De naam van het Pattern wordt steeds afgebeeld in de
onderste regel van het display. De opmerkingen onder
“Kijken uit hoeveel maten een patroon bestaat op
blz. 57 en “Tempo wijzigen op blz. 57 gelden hier
ook.
5.
Druk op [STOP/PLAY] om de weergave te stoppen.
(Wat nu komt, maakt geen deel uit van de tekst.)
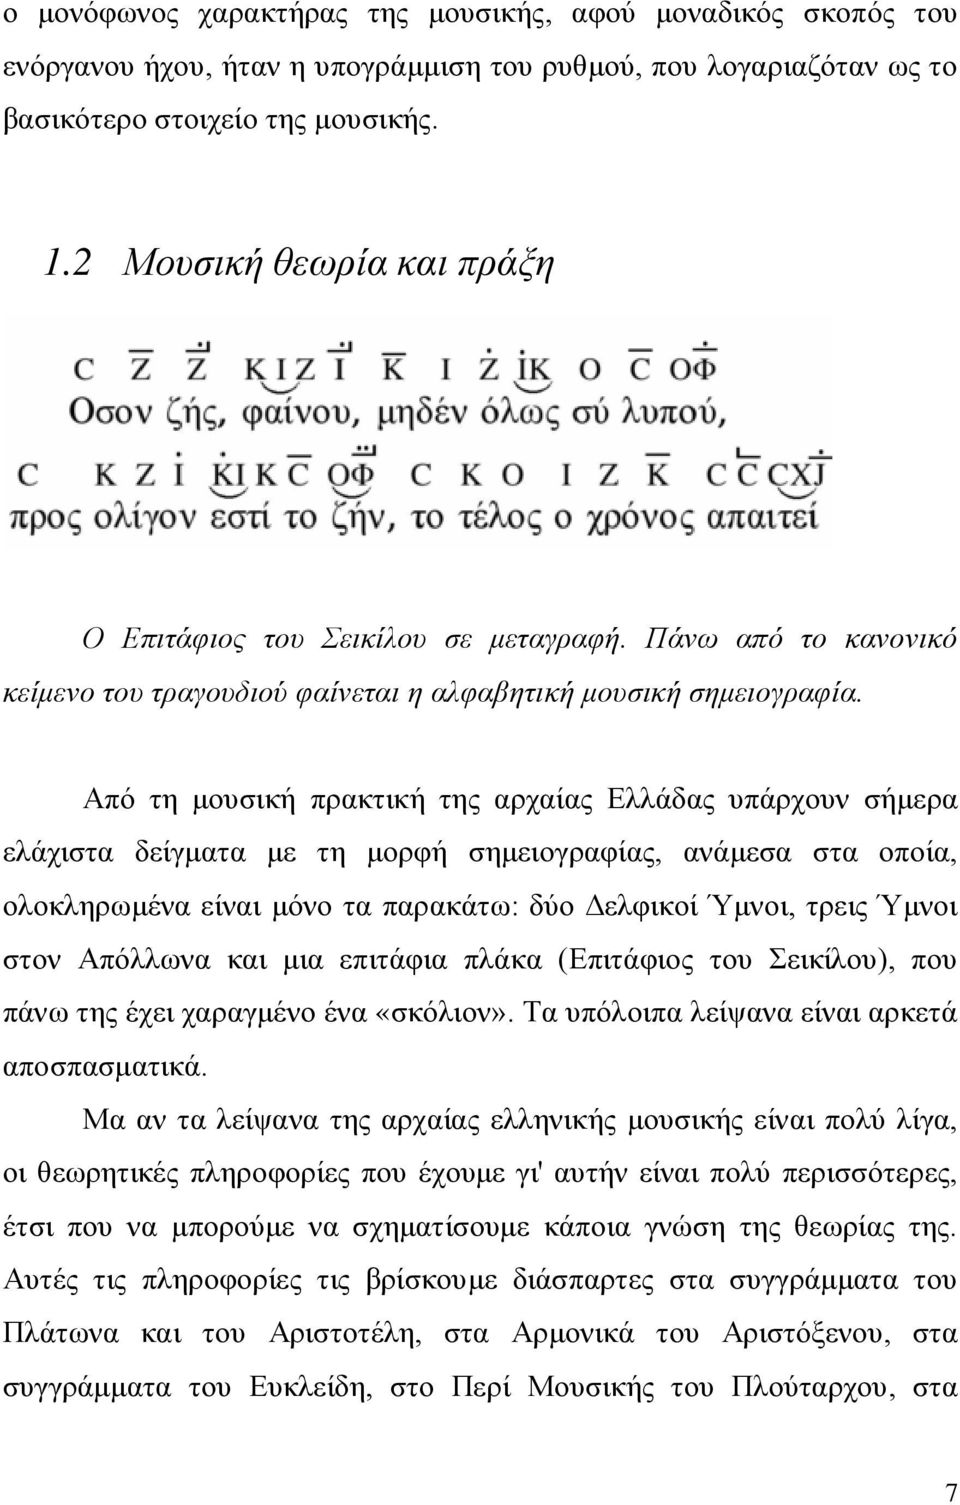 Από τη μουσική πρακτική της αρχαίας Ελλάδας υπάρχουν σήμερα ελάχιστα δείγματα με τη μορφή σημειογραφίας, ανάμεσα στα οποία, ολοκληρωμένα είναι μόνο τα παρακάτω: δύο Δελφικοί Ύμνοι, τρεις Ύμνοι στον

Opgelet: Tijdens de weergave van een Song kunt u geen
Patterns kiezen en ook niet naar een andere Song gaan.
Voor- en terugspoelen
Met [FWD] kunt u telkens naar het volgende patroon
in de rij springen. Met [BWD] gaat u telkens één Pat-
tern acteruit.
Door [BWD] ingedrukt te houden en op [FWD] te
drukken keert u terug naar het begin van de Song.
Opmerkingen
Songs bevatten geen noten of andere MIDI-data. Het
zijn verwijzingen naar patronen. Als u de inhoud van
gebruikte patronen wijzigt, gaan de Songs waarin die
Patterns een rol spelen ook anders klinken. Wist u alle
data van een Pattern, dan stopt de weergave zodra dat
Pattern aan de beurt is.
15.2 Song opnemen
U kunt ook zelf Songs maken door een reeks Patterns
op rij te zetten.
1.
Kies de Song die u wilt opnemen.
2.
Druk op [REC].
De indicator licht op en de opname begint.
In het display ziet u waar het Pattern terechtkomt. Als
u begint op te nemen in een nieuwe Song, is dit “1”.
3.
Kies met [INC][DEC] of de [VALUE]-draaischijf
het Pattern dat u op die plaats in de Song wilt hebben.
4.
Druk op [ENTER].
U springt nu één volgnummer verder (dat kunt u zien
in het display).
5.
Kies met [VALUE]-draaischijf het Pattern dat u op
het afgebeelde volgnummer (als u ons voorbeeld
volgt is dat “2”) wilt plaatsen en druk op [ENTER].
6.
Herhaal stap 3 en 4 tot de Song volledig is.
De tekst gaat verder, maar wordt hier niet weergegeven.